I ended up doing this with the standard ed:
ed -s sometextfile <<< $'-2,$d\nwq'
This deletes the last 2 lines using in-place editing (although it does use a temporary file in /tmp !!)
To truncate very large files truly in-place we have truncate command.
It doesn't know about lines, but tail + wc can convert lines to bytes:
file=bigone.log
lines=3
truncate -s -$(tail -$lines $file | wc -c) $file
There is an obvious race condition if the file is written at the same time.

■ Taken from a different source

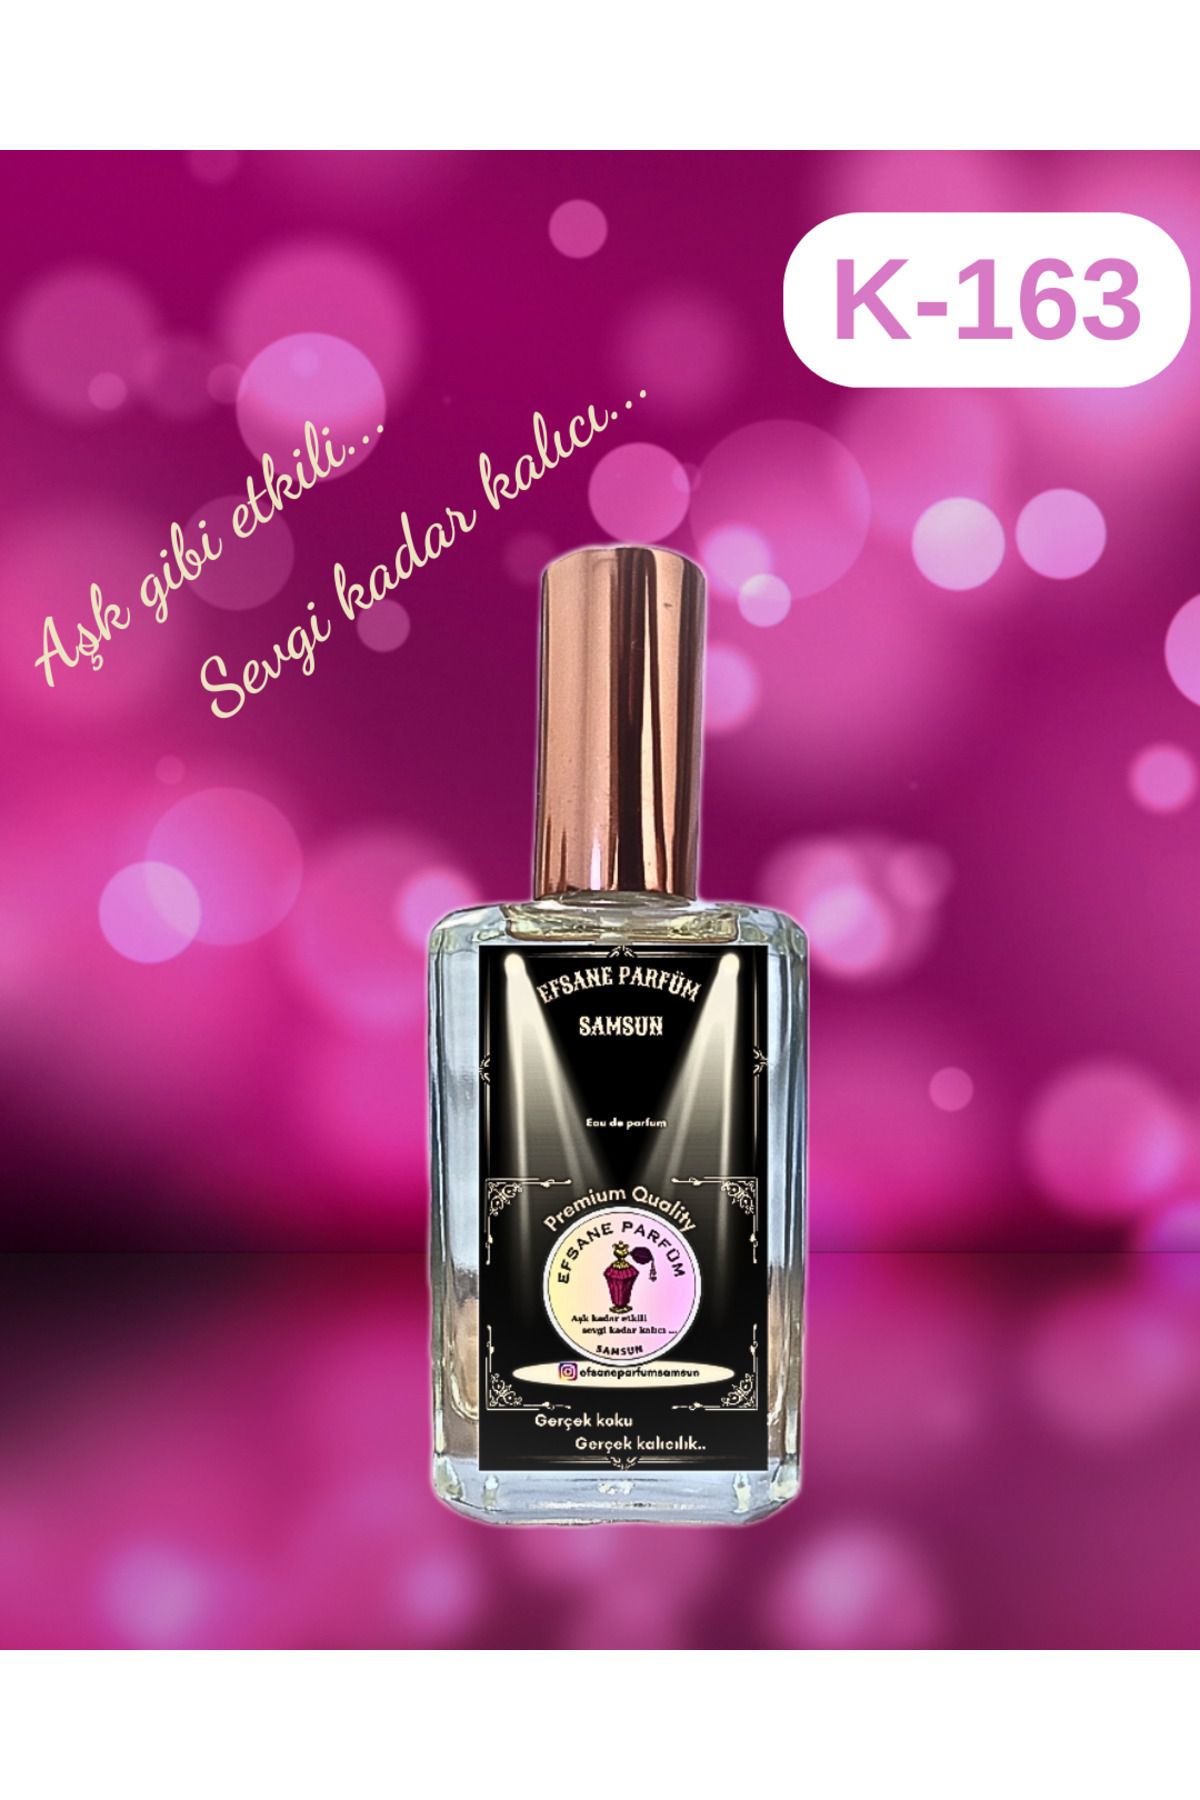 Efsane parfüm Victoria's SECRET Very SEXY Kadın Parfüm Muadil 50 ml K-163
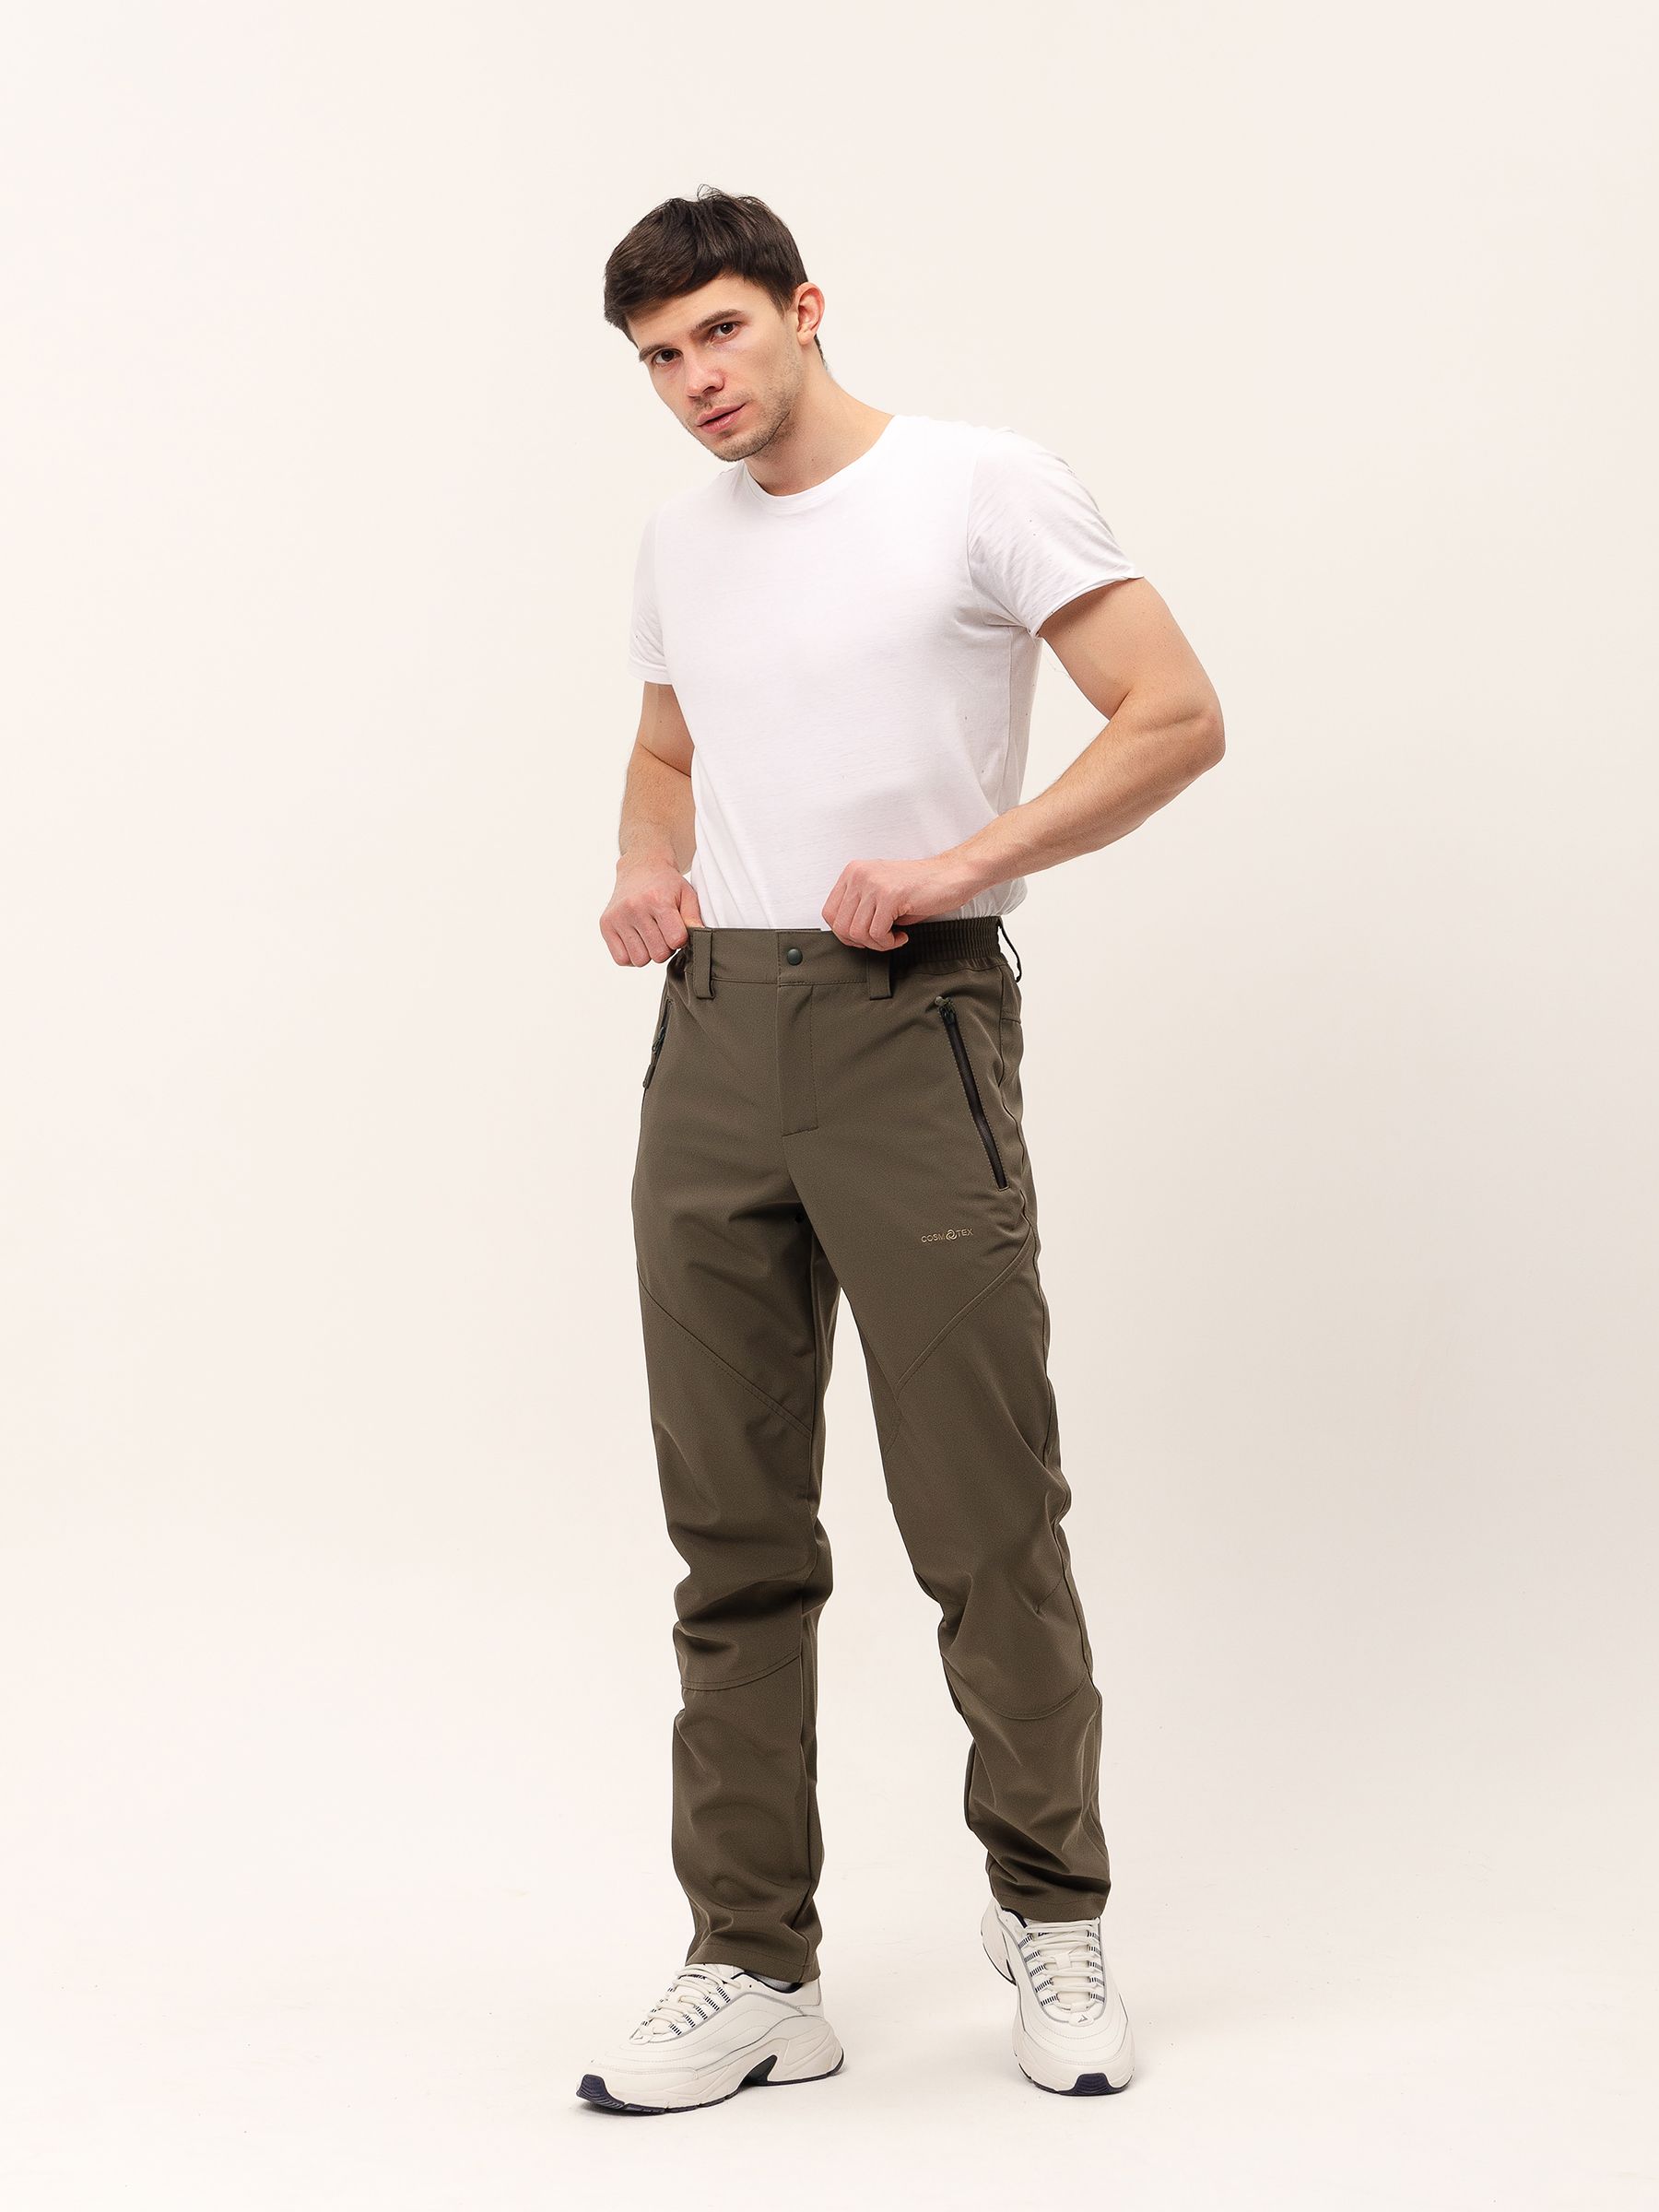 Демисезонные мужские мембранные брюки Софтшелл, цвет светлый хаки измембранной ткани

In this case it may be better to use head - it counts bytes from the beginning of file (mind disk IO), so we will always truncate on line boundary (possibly more lines than expected if file is actively written):
truncate -s $(head -n -$lines $file | wc -c) $file
Handy one-liner if you fail login attempt putting password in place of username:
truncate -s $(head -n -5 /var/log/secure | wc -c) /var/log/secure
This might work for you (GNU sed):
sed ':a;$!N;1,4ba;P;$d;D' file
Most of the above answers seem to require GNU commands/extensions:
$ head -n -2 myfile.txt
-2: Badly formed number
For a slightly more portible solution:
perl -ne 'push(#fifo,$_);print shift(#fifo) if #fifo > 10;'
OR
perl -ne 'push(#buf,$_);END{print #buf[0 ... $#buf-10]}'
OR
awk '{buf[NR-1]=$0;}END{ for ( i=0; i < (NR-10); i++){ print buf[i];} }'
Where "10" is "n".
With the answers here you'd have already learnt that sed is not the best tool for this application.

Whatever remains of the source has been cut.